EXERCISE OBJECTIVE
Everything in the listing except the pictures should be written out exactly.

SUPPLIED INFORMATION
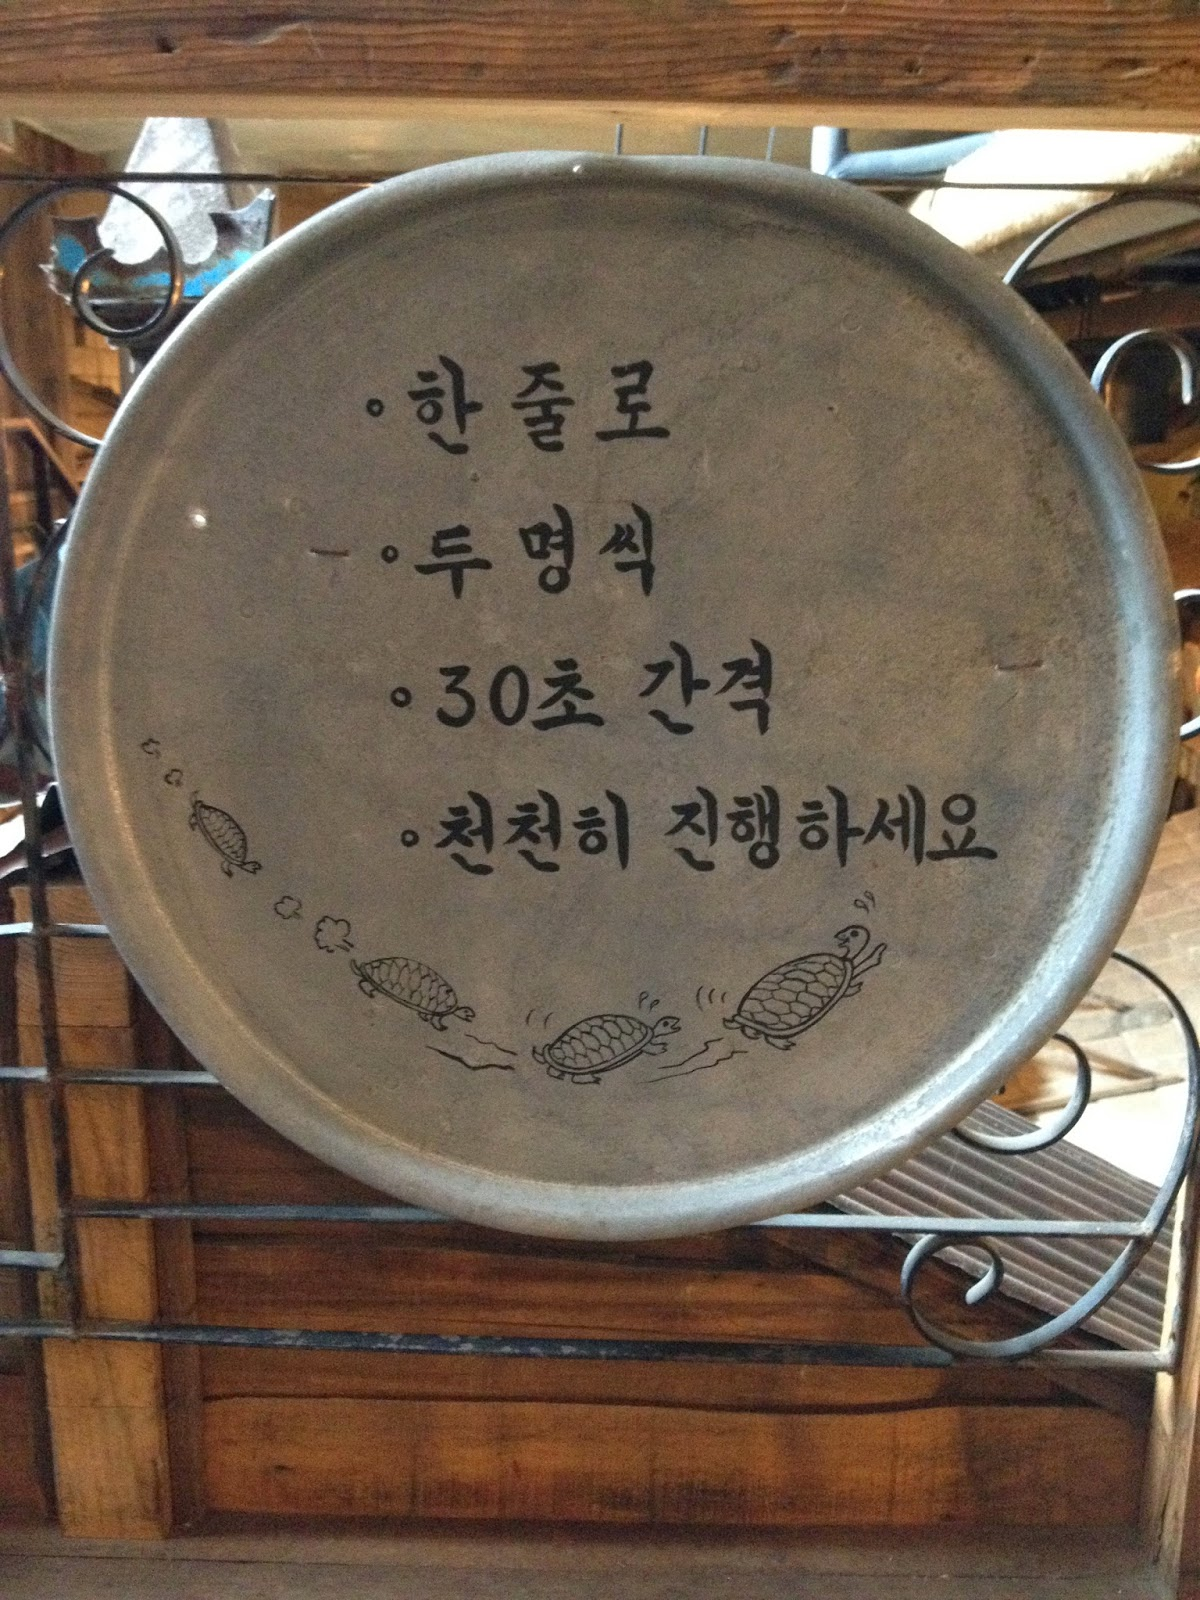 Heyri Art Village in South Korea
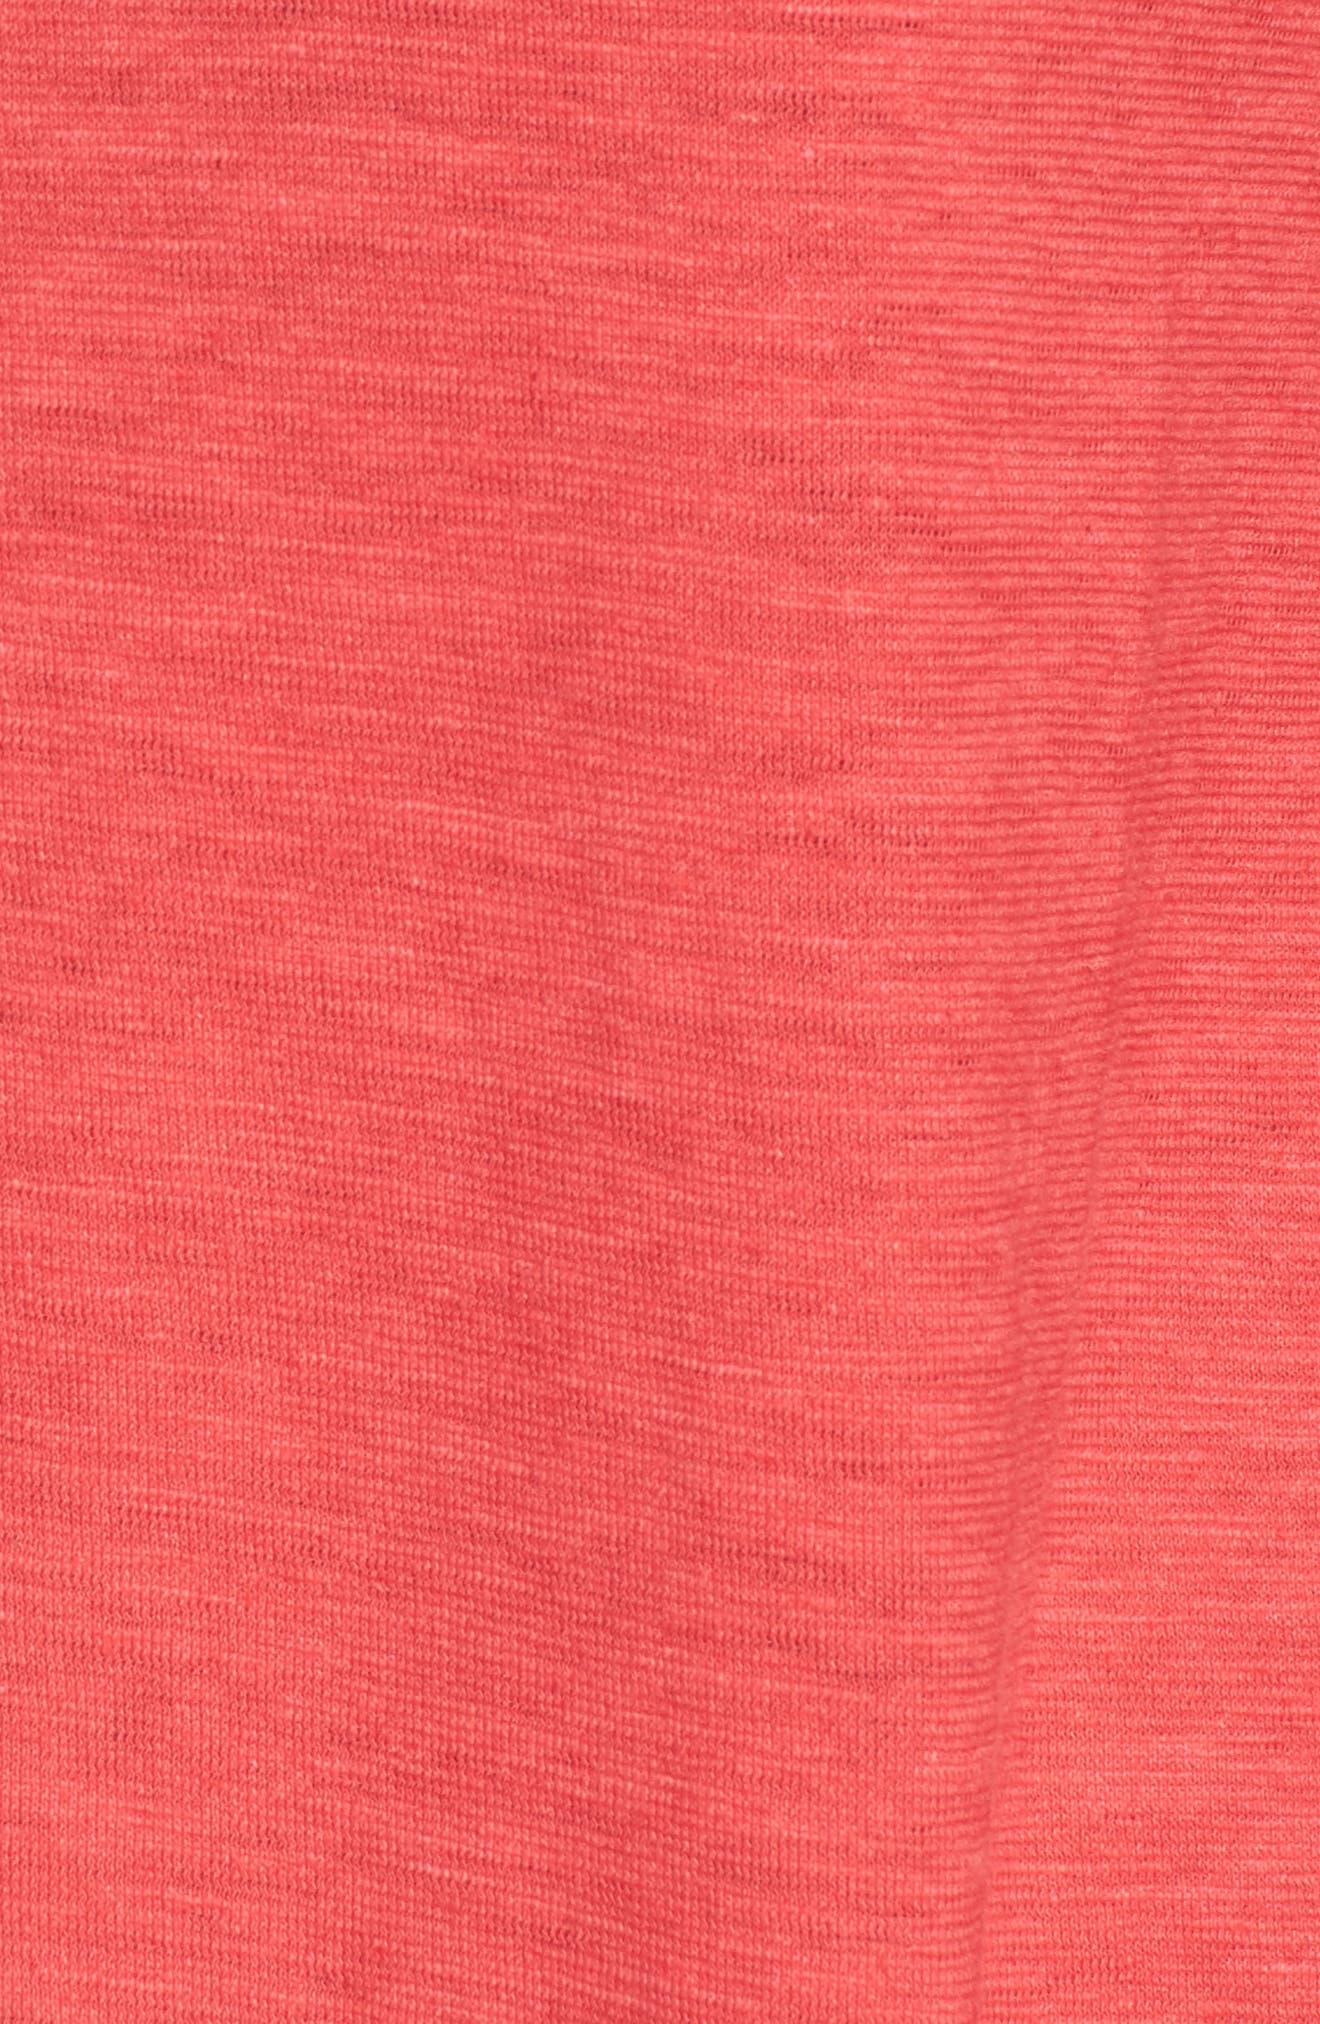 Slub Jersey Tunic Top,                             Alternate thumbnail 5, color,                             Strawberry
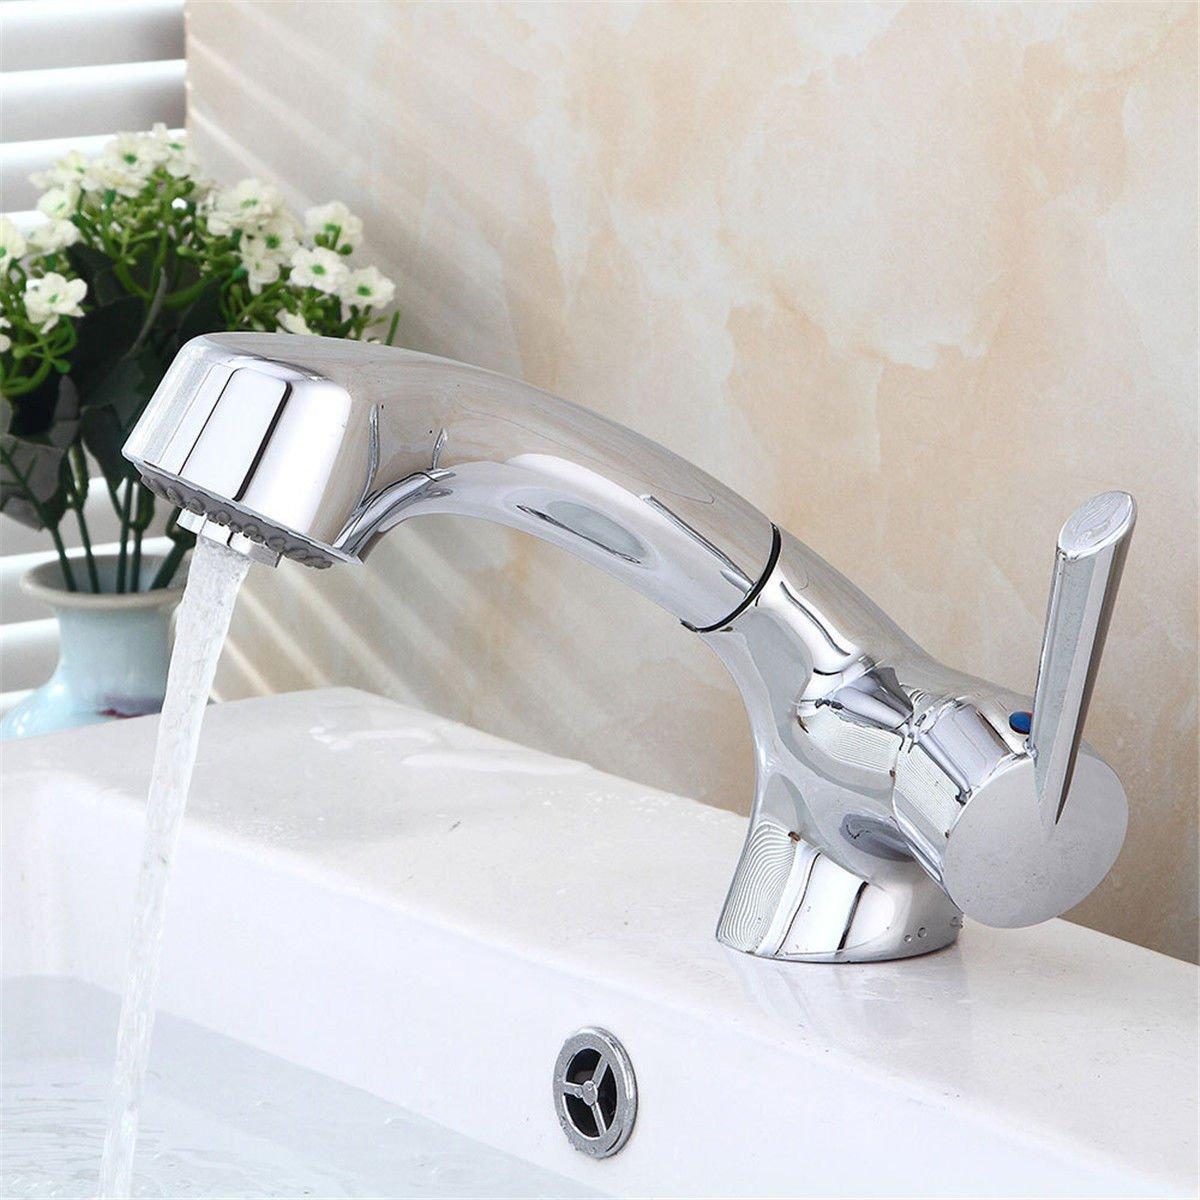 LHbox Basin Mixer Tap Bathroom Sink Faucet The modern all-copper pull basin faucet bathroom sink basin mixer bathroom-cold water woman wash water under the bathroom sink basin Faucet

SOLUTION TO THIS TASK
 Heyri Art Village in South Korea
 Slub Jersey Tunic Top,                             Alternate thumbnail 5, color,                             Strawberry
 LHbox Basin Mixer Tap Bathroom Sink Faucet The modern all-copper pull basin faucet bathroom sink basin mixer bathroom-cold water woman wash water under the bathroom sink basin Faucet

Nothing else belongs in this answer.